Dynamic T cell-APC interactions sustain chronic inflammation in atherosclerosis

Abstract

Atherosclerosis is a chronic inflammatory disease of large and medium-sized arteries characterized by leukocyte accumulation in the vessel wall. Both innate and adaptive immune responses contribute to atherogenesis, but the identity of atherosclerosis-relevant antigens and the role of antigen presentation in this disease remain poorly characterized. We developed live-cell imaging of explanted aortas to compare the behavior and role of APCs in normal and atherosclerotic mice. We found that CD4+ T cells were capable of interacting with fluorescently labeled (CD11c-YFP+) APCs in the aortic wall in the presence, but not the absence, of cognate antigen. In atherosclerosis-prone Apoe-/-CD11c-YFP+ mice, APCs extensively interacted with CD4+ T cells in the aorta, leading to cell activation and proliferation as well as secretion of IFN-γ and TNF-α. These cytokines enhanced uptake of oxidized and minimally modified LDL by macrophages. We conclude that antigen presentation by APCs to CD4+ T cells in the arterial wall causes local T cell activation and production of proinflammatory cytokines, which promote atherosclerosis by maintaining chronic inflammation and inducing foam cell formation.

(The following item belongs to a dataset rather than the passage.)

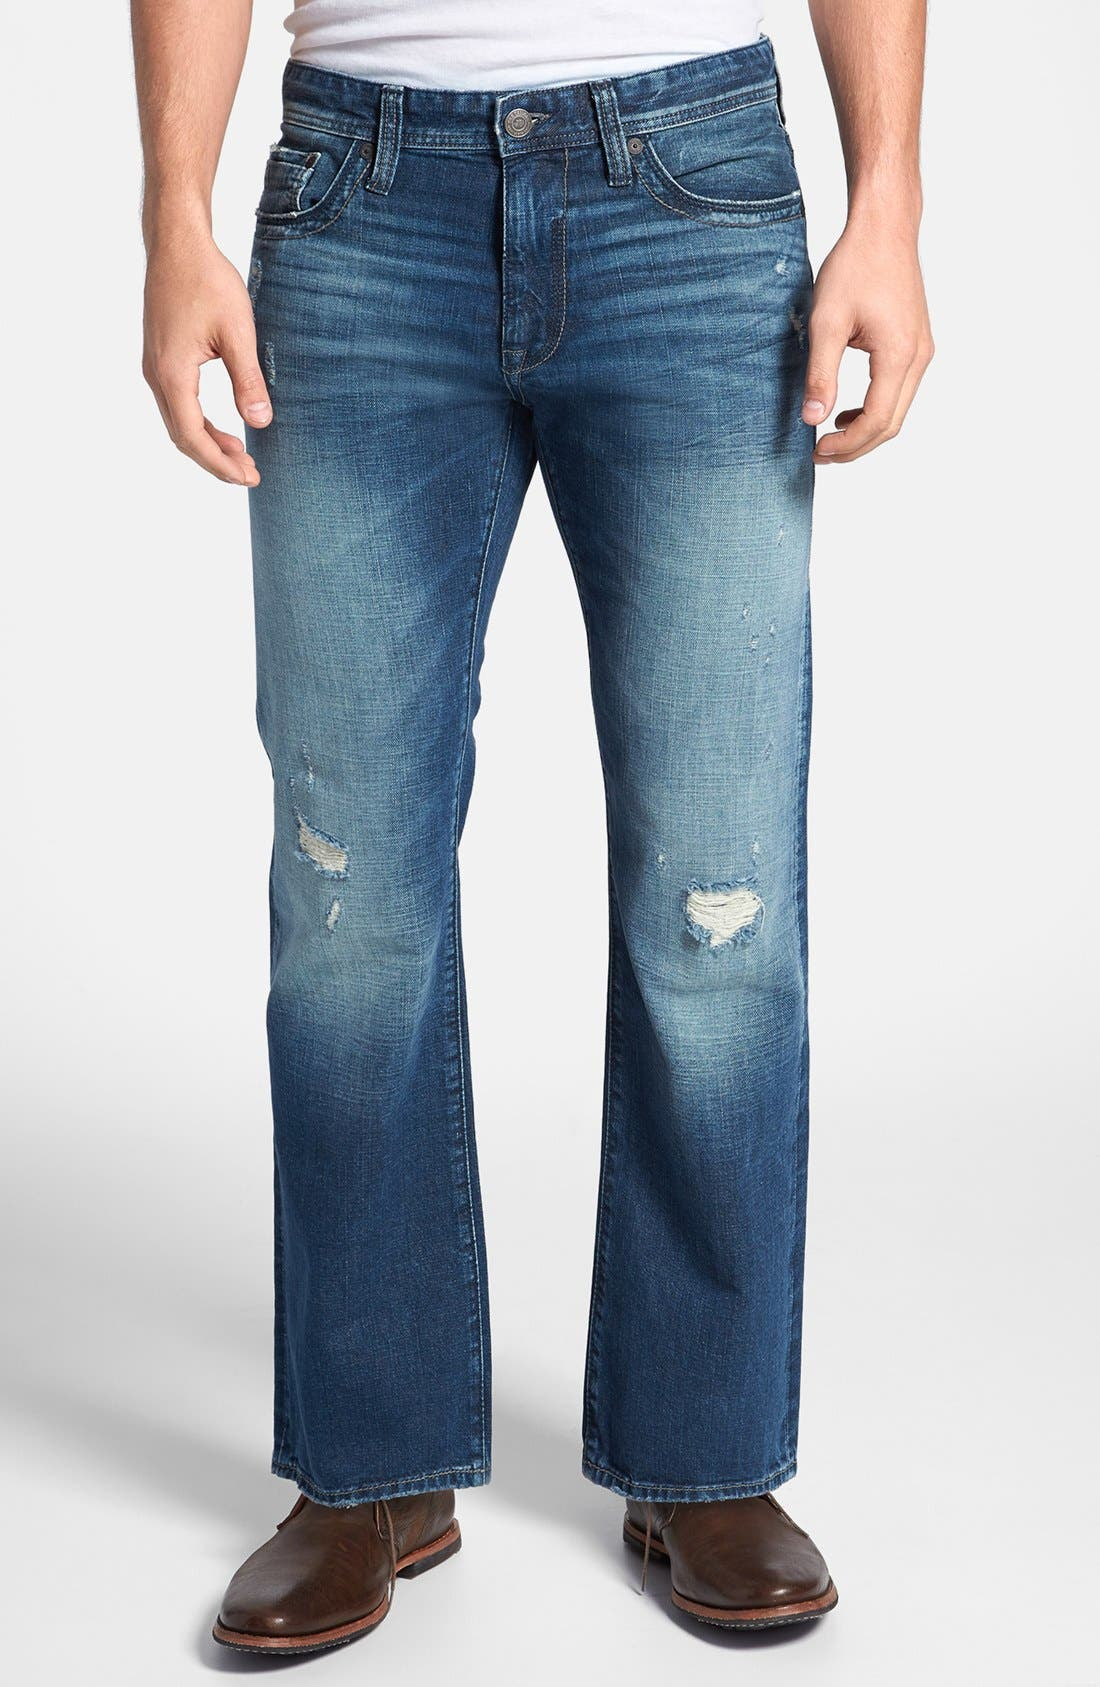 Alternate Image 1 Selected - Mavi Jeans 'Josh' Bootcut Jeans (Indigo Cashmere)

Figure 1. Myeloid cells in aortic plaque and adventitia.

(A) Live CD45⁺ cells from aortas of Apoe^–/– mice fed CD or WD for 12 weeks were stained for CD11b and CD11c. Numbers indicate percentage in each quadrant. (B) Localization of CD11b⁺CD11c^– (green), CD11b⁺CD11c⁺ (yellow), and CD11b^–CD11c⁺ (red) cells in aortic roots of WD-fed Apoe^–/– mice, shown by immunofluorescence. Dotted white lines indicate border of lamina muscularis. L, lumen; P, plaque; A, adventitia. Representative images from at least 3 independent experiments. (C) Examples of CD11b⁺CD11c^–, CD11b⁺CD11c⁺, and CD11b^–CD11c⁺ cells in the adventitia enlarged from boxed regions in B. Localization of CD11c-YFP⁺ cells (green) in normal B6 (D) and in atherosclerotic Apoe^–/– (E) mouse aorta. Blue, second harmonic; brown, autofluorescence. Scale bars: 100 μm (B); 2 μm (C, left); 5 μm (C, middle and right); 150 μm (D and E).

Figure 2. 2-photon imaging of T cell–APC interaction in aortic wall.

(A) Maximum intensity projection along z axis (top view) through image stacks (760 × 760 × 210 μm [x, y, z]). View of CD11c-YFP⁺ (green) and SNARF-labeled OTII T cells (red) from the adventitial side of explanted mouse aorta. (B) Time-lapse images of interacting APCs (green) and T cells (red) in the adventitia (boxed region in A) in the presence of OVA^323–339. Tracks (C) and velocities (D) of individual T cells obtained from 3D projection (1 color per cell) in the presence of OVA^323–339. Long interaction with APCs (>5 minutes) is denoted by a thick line. (E) Velocities of individual noninteracting (free; n = 1,057) and interacting (>5 minutes; n = 99) T cells. Average is indicated by horizontal line. (F) Percent T cells interacting with APCs in the presence and absence of OVA^323–329. Data (mean ± SEM) are representative of at least 3 independent experiments. *P < 0.05. Scale bars: 100 μm (A); 5 μm (B).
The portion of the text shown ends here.